Un opérateur de réseau international, qui mesure le trafic sur plusieurs noeuds de connexion dans le monde, a indiqué à l'AFP avoir constaté que « le trafic de Facebook a été divisé par trois partout dans le monde ».

 

 Un problème technique a rendu inaccessible l’accès au réseau social, jeudi durant plus de 30 minutes, sans explication de leur part.

La productivité des entreprises connaîtra-t-elle un pic, jeudi 19 juin ? Le réseau social Facebook était en proie à un problème technique d’envergure, aux alentours de 10 heures, rendant tout accès au site impossible durant plus de 30 minutes.
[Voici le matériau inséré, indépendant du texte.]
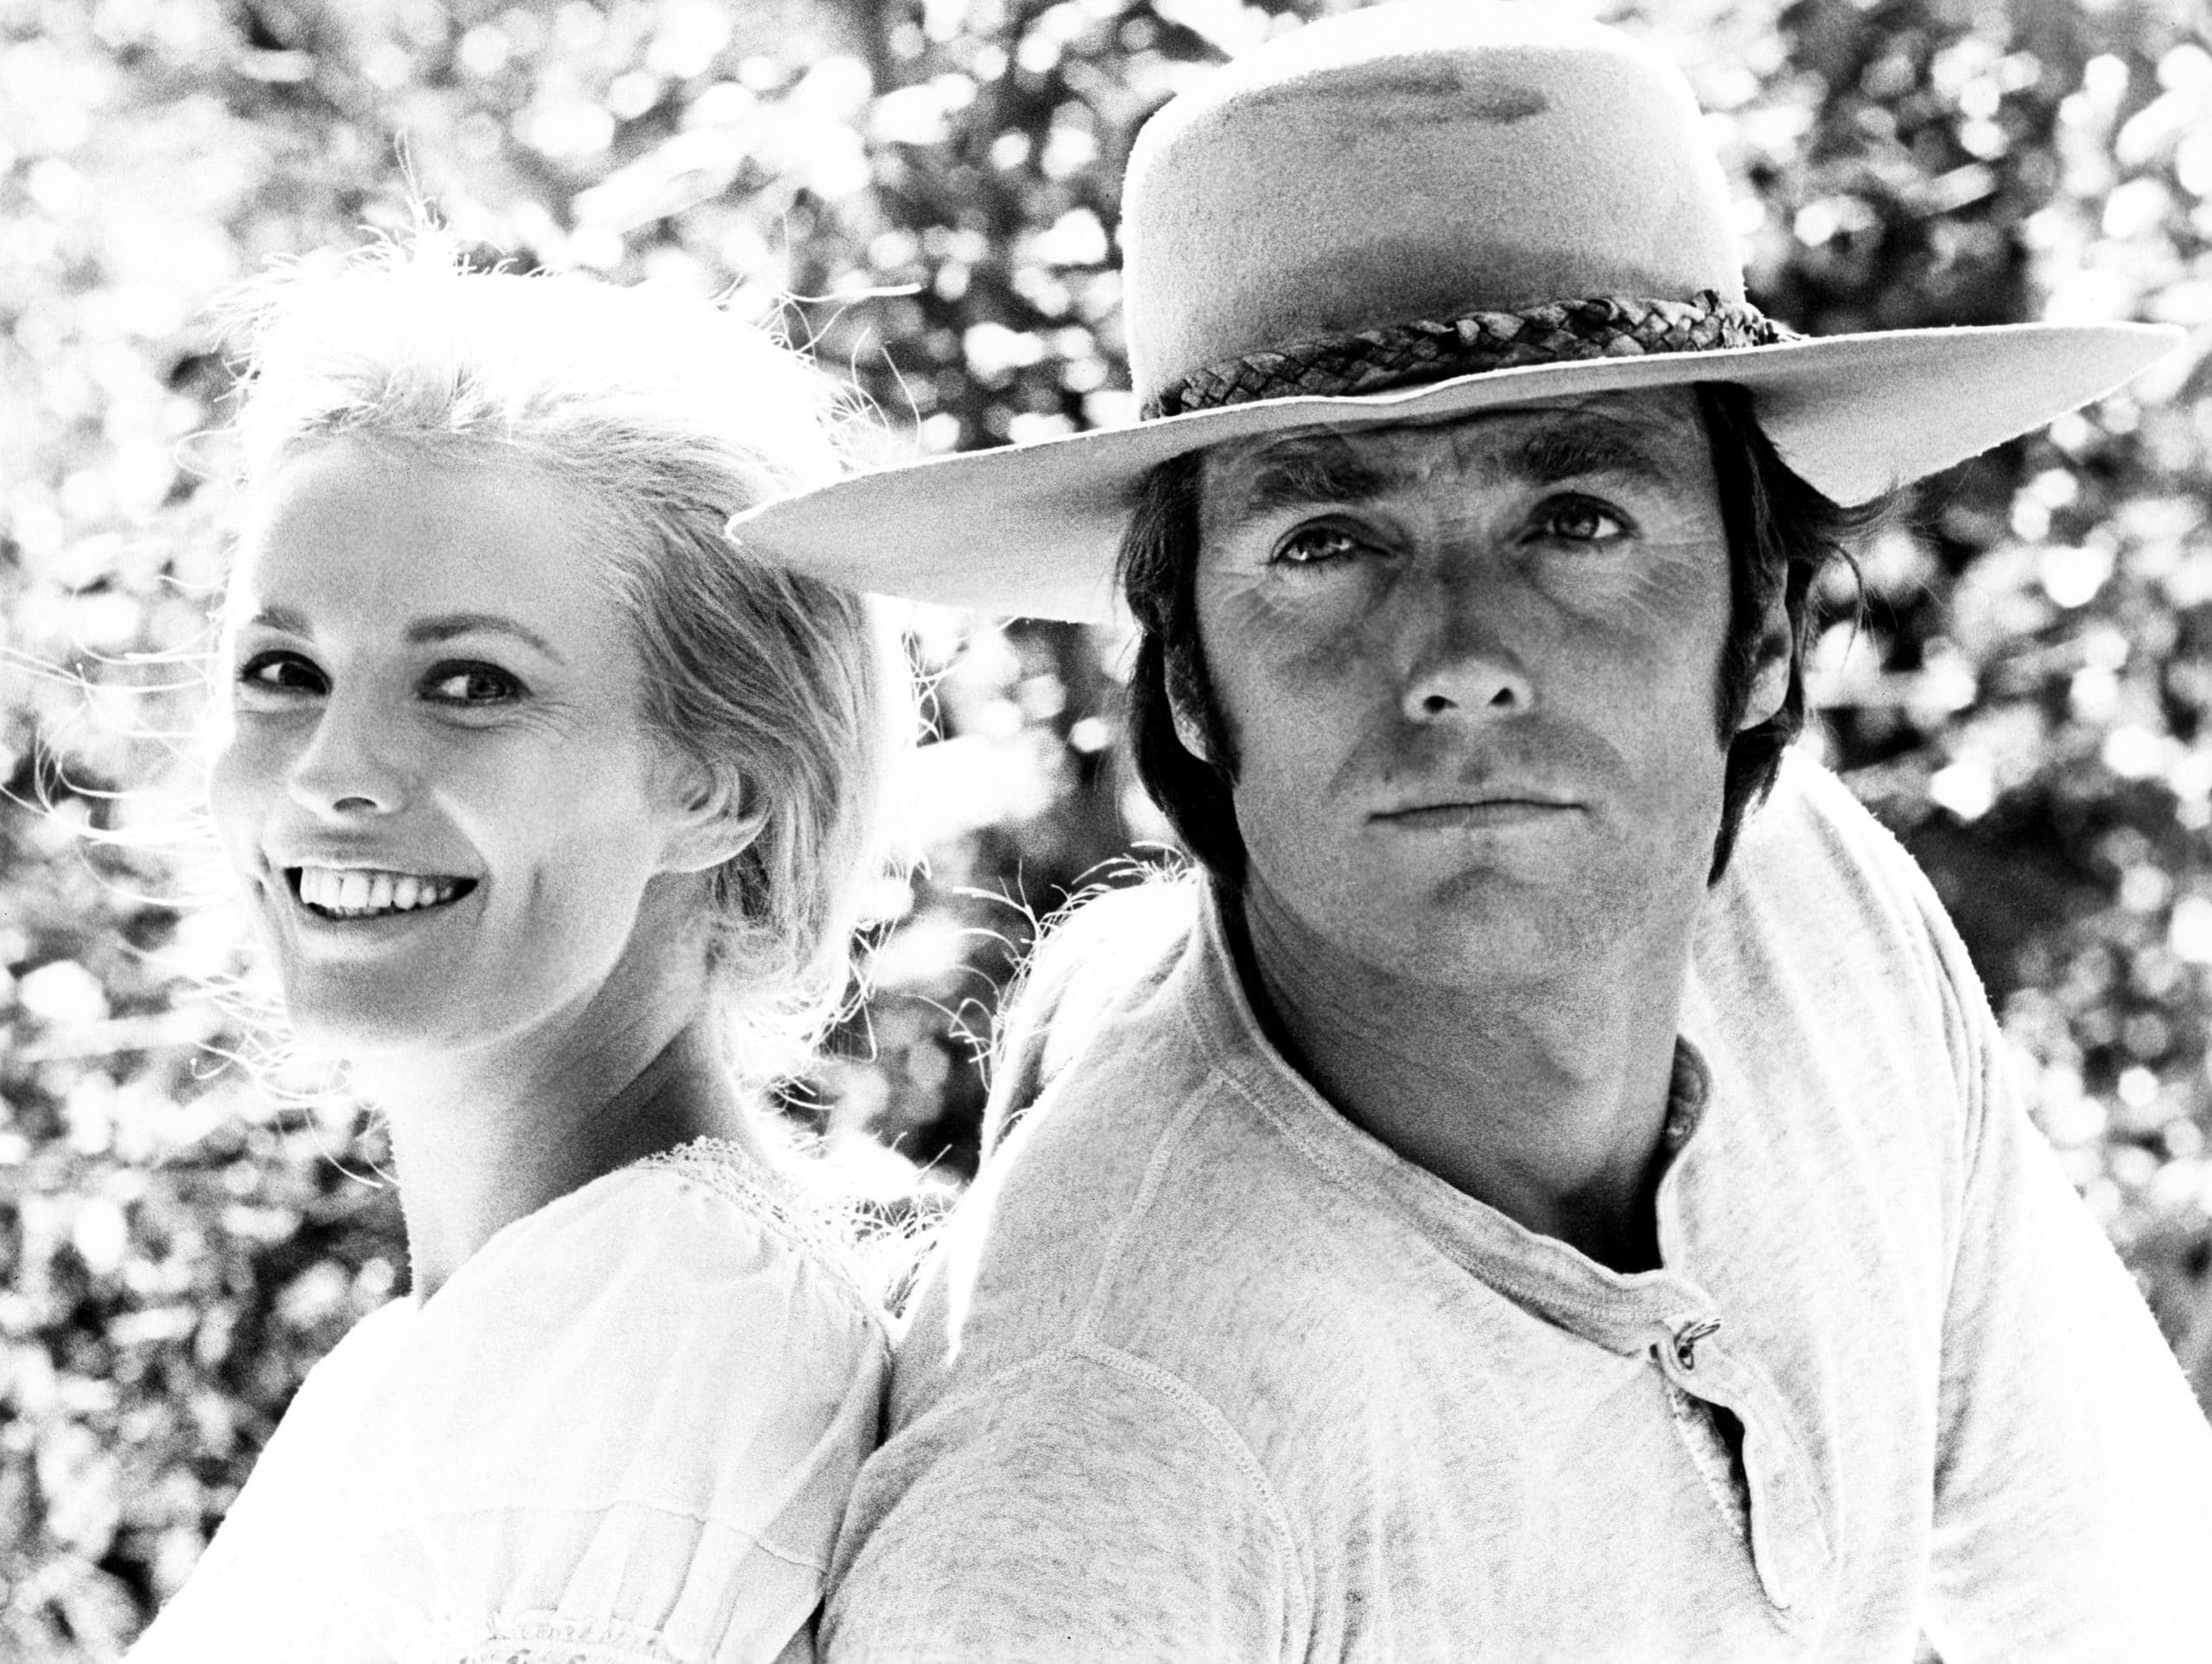 PAINT YOUR WAGON, from left, Jean Seberg, Clint Eastwood, 1969

Le portail de Mark Zuckerberg n’a pas encore communiqué pour expliquer ce bug mais il semblerait que la panne venait d'un problème de serveurs de la firme californienne.
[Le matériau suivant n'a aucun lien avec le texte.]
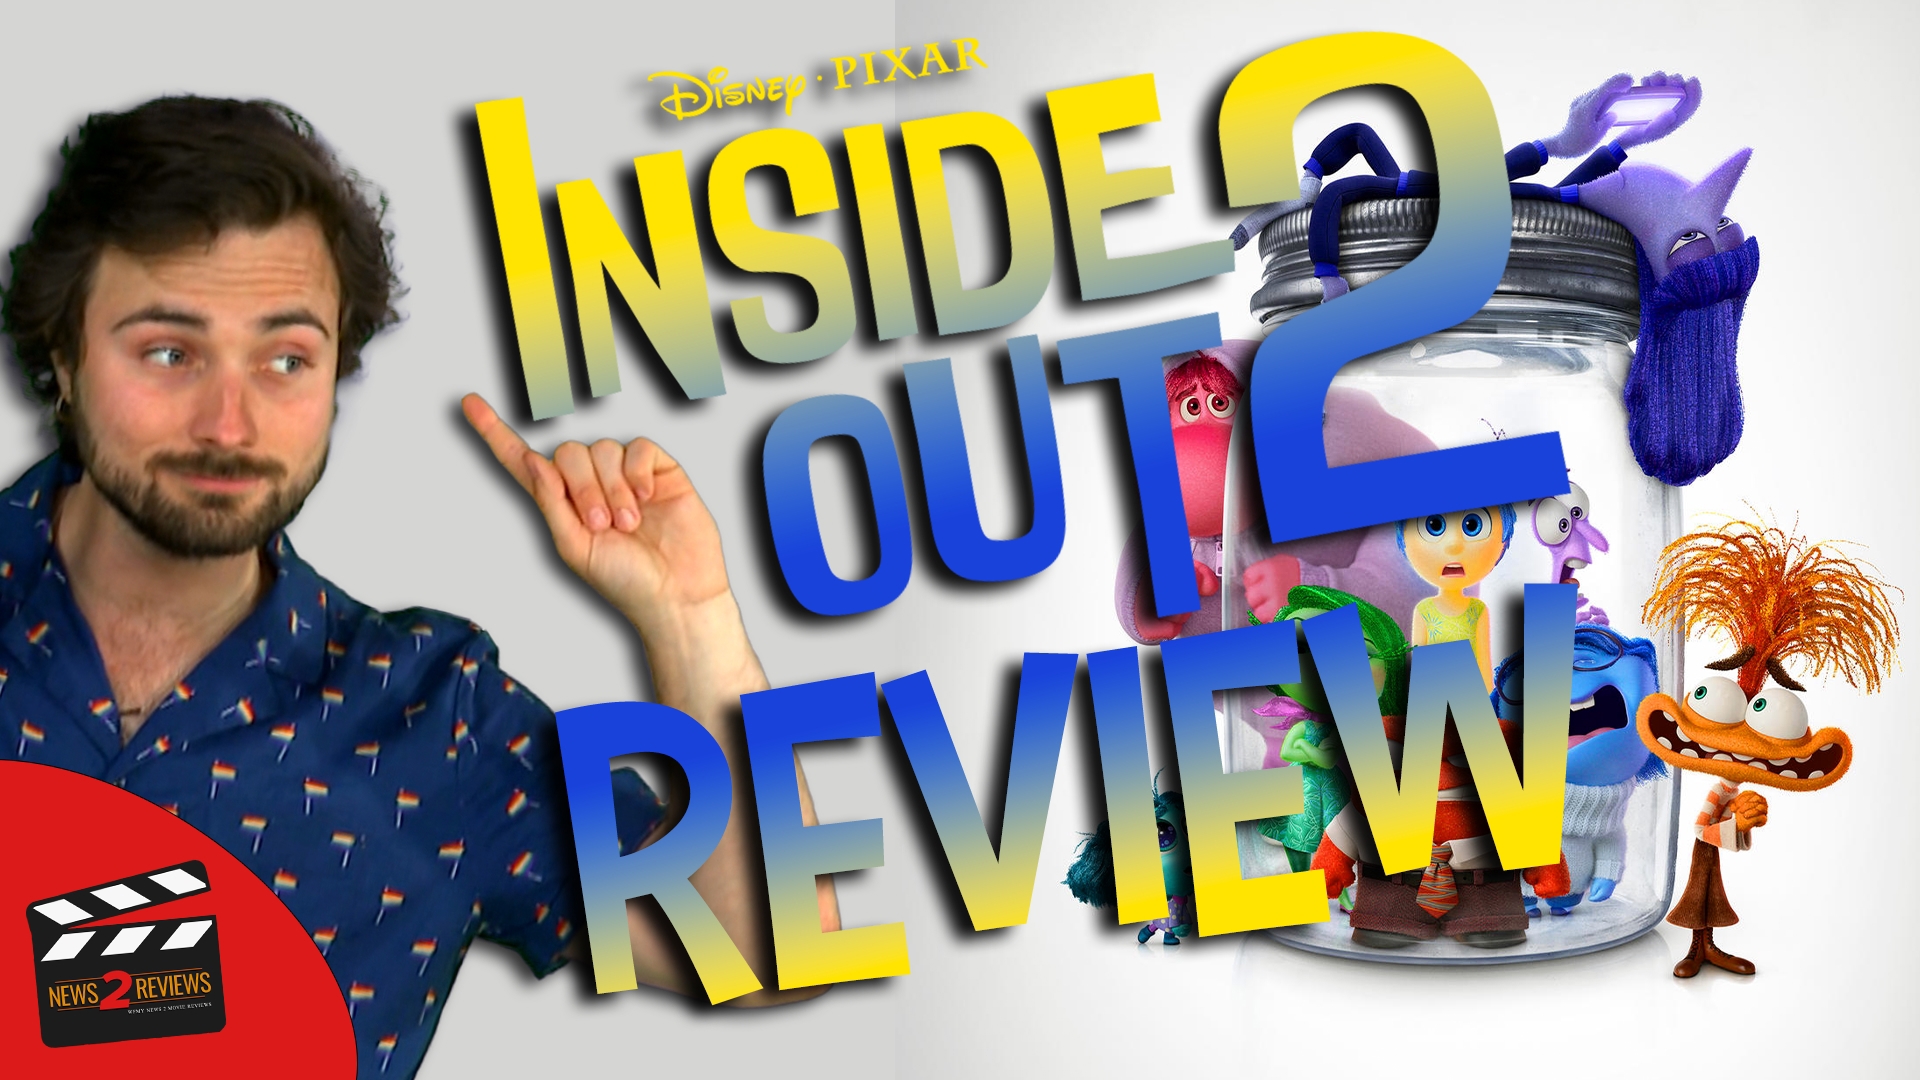 WFMY News 2’s Manning Franks shares his thoughts on Pixar's Inside Out 2

La panne n’a pas pu passer inaperçue. Ce jeudi entre 10h et 10h30, il était impossible de se connecter à Facebook. On pouvait lire sur la page du site "Sorry, something went wrong". Quelque chose n’allait pas mais quoi ? Pas d’explication technique pour l’instant sur cette panne qui semble avoir été mondiale. A Tokyo, au Québec, en Tunisie, au Maroc, en Espagne, aucun utilisateur ne pouvait facebooker…

Voici le communiqué publié par Facebook : "Ce matin, nous avons rencontré un problème qui a empêché certaines personnes de publier sur Facebook pendant une brève période de temps. Nous avons résolu le problème rapidement, et nous sommes maintenant de retour à la normale à 100%. Nous sommes désolés pour tout inconvénient que nous avons pu causer à nos utilisateurs pendant ce court laps de temps".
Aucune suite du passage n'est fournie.